Bouddha déclara que les cinq agrégats, qui sont en fait notre corps et notre esprit, sont un lourd fardeau. Servir notre corps signifie porter un lourd fardeau. Quand nous le nourrissons et l’habillons, nous portons ce fardeau. Cela signifie aussi que nous sommes les domestiques de ce corps et de l’agrégat de la matière : rupakhandha.

        Quand nous avons nourri et vêtu le corps, nous devons également le contenter, aussi bien physiquement que psychologiquement. Cela aussi c'est être le domestique de vedanakhandha, l’agrégat des sensations.

        Puis nous devons veiller à ce que le corps entende de beaux sons, voit de belles vues, sente de bonnes odeurs, ait un contact tactile agréable, goûte de bons mets. Cela concerne la conscience et nous sommes au service de vinnanakhadha, l’agrégat de la conscience.

        L’agrégat de la matière  rupakhandha dit : nourrit-moi bien, sinon je vais tomber malade ou je serai faible. Vedanakhandha, l’agrégat des sensations dit à son tour : Donne-moi des sensations agréables sinon je vais souffrir, et nous devons courir après les sensations agréables pour assouvir ses besoins. Vinnanakhadha, l’agrégat de la conscience dit à son tour : donne-moi de beaux sons, de belles vues, de bonnes odeurs, je veux des choses plaisantes, trouve-les pour moi sinon je serai malheureux, et nous devons exécuter ses ordres. C’est comme si ces trois agrégats nous menaçaient perpétuellement et nous ne pouvons pas désobéir à leurs exigences. Cette obéissance est un grand fardeau pour nous.

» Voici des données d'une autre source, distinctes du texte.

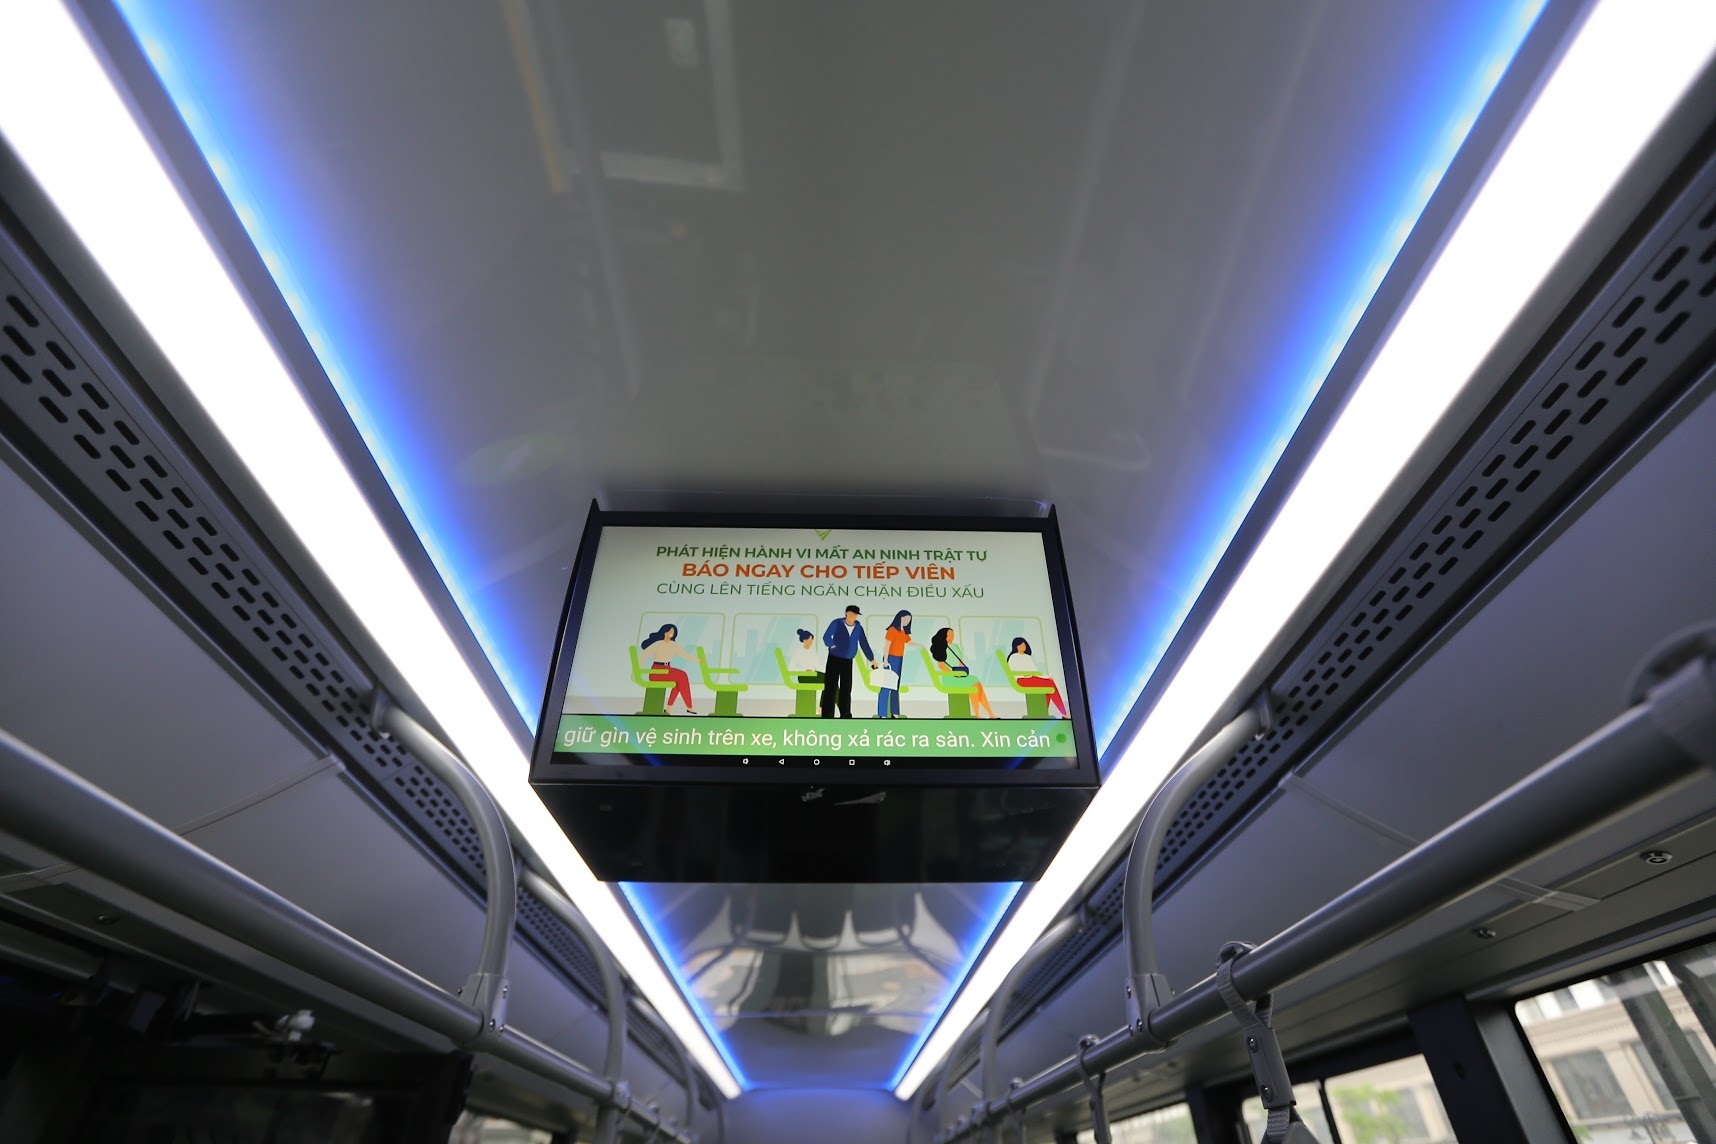 VinBus chính thức vận hành xe buýt điện thông minh đầu tiên tại Việt Nam 4

       Sankharakhandha, l’agrégat des formations mentales, la volition est aussi un autre fardeau. La vie nous demande de satisfaire nos besoins quotidiens. Cela stimule le désir, et nous devons constamment œuvrer et être actifs afin de les satisfaire sinon nous sommes frustrés. Lorsque les désirs ne sont pas satisfaits, certains peuvent même avoir recours au crime. Que ce fardeau est lourd sur nos épaules !

        C’est parce que nous ne pouvons pas porter cette lourde charge sur nos épaules que certains sont démoralisés ou que d’autres commettent des mauvaises actions.

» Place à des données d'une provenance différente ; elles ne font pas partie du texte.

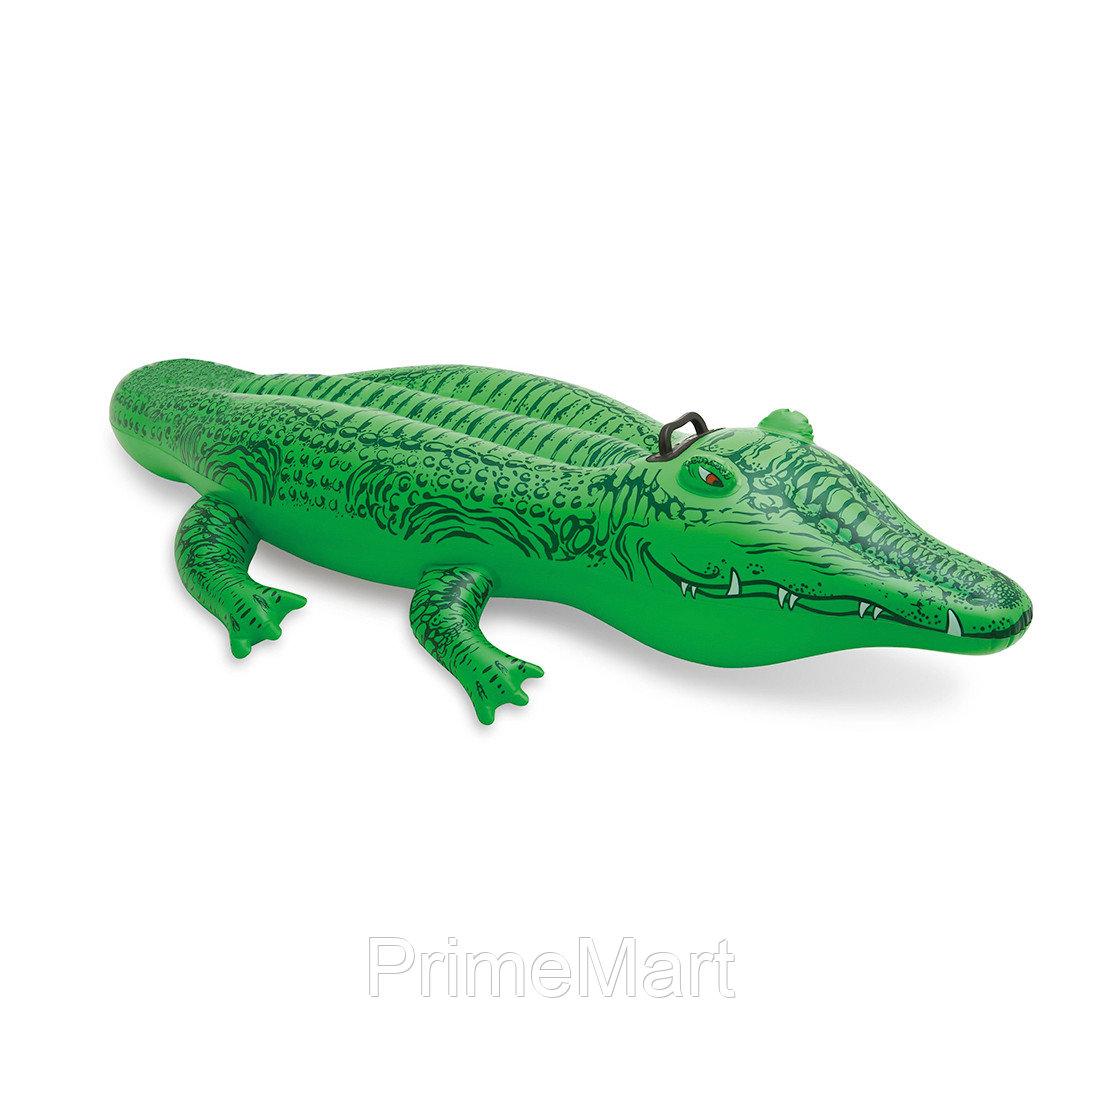 Надувная игрушка для катания верхом Крокодильчик 168 х 86 см, INTEX, 58546NP, Винил, С ручками, Зелёный, Цветная коробка

       Sannakhandha, l’agrégat de la perception est aussi un grand fardeau car c’est grâce à la perception que nous pouvons être capables de connaître, mémoriser, discerner le bon du mauvais. Si les demandes de notre esprit pour les objets des sens plaisants ne sont pas obtenues, nous connaîtrons alors l’angoisse, les regrets…

        Pour toutes ces raisons Bouddha a déclaré que les cinq agrégats d’attachement sont un lourd fardeau. Nous portons ce fardeau non seulement pour un moment, une minute, une heure, un jour, une année, une vie, mais depuis le début du samsara, la ronde des renaissances. Nous n’en serons libérés que quand nous aurons éliminé les impuretés de notre esprit.

        Même un Arahat doit supporter ce fardeau avant d’atteindre Nibbana et veiller au bien-être de ses agrégats. Pour se nourrir, il doit faire sa tournée d’aumônes, il doit se laver, il doit aller aux toilettes pour se nettoyer intérieurement, il doit prendre soin de sa santé et doit dormir pour récupérer.

        Les gens ordinaires ou mondains sont obsédés par l’avidité et ne considèrent pas les cinq agrégats (le corps et l’esprit) comme un fardeau. Pour eux le fardeau semble léger et ils pensent que ceux qui considèrent le corps et l’esprit comme un fardeau sont pessimistes car pour eux les cinq agrégats leur apportent la joie de vivre, car il y a des choses agréables à voir, de merveilleux sons à entendre, de la nourriture délicieuse à goûter, des parfums plaisants à sentir, des sensations tactiles agréables à ressentir, et des choses intéressantes à connaître.

        C’est seulement quant la vieillesse arrive et que les gens ne sont plus capables de bouger comme ils voudraient, de savourer la nourriture, de dormir correctement et de satisfaire leurs désirs qu’ils deviennent convaincus que le fardeau des cinq agrégats est véritablement lourd. Quand ils tombent malades leur conviction grandit et quand ils rencontrent des épreuves, ils réalisent complètement que le corps et l’esprit sont un fardeau.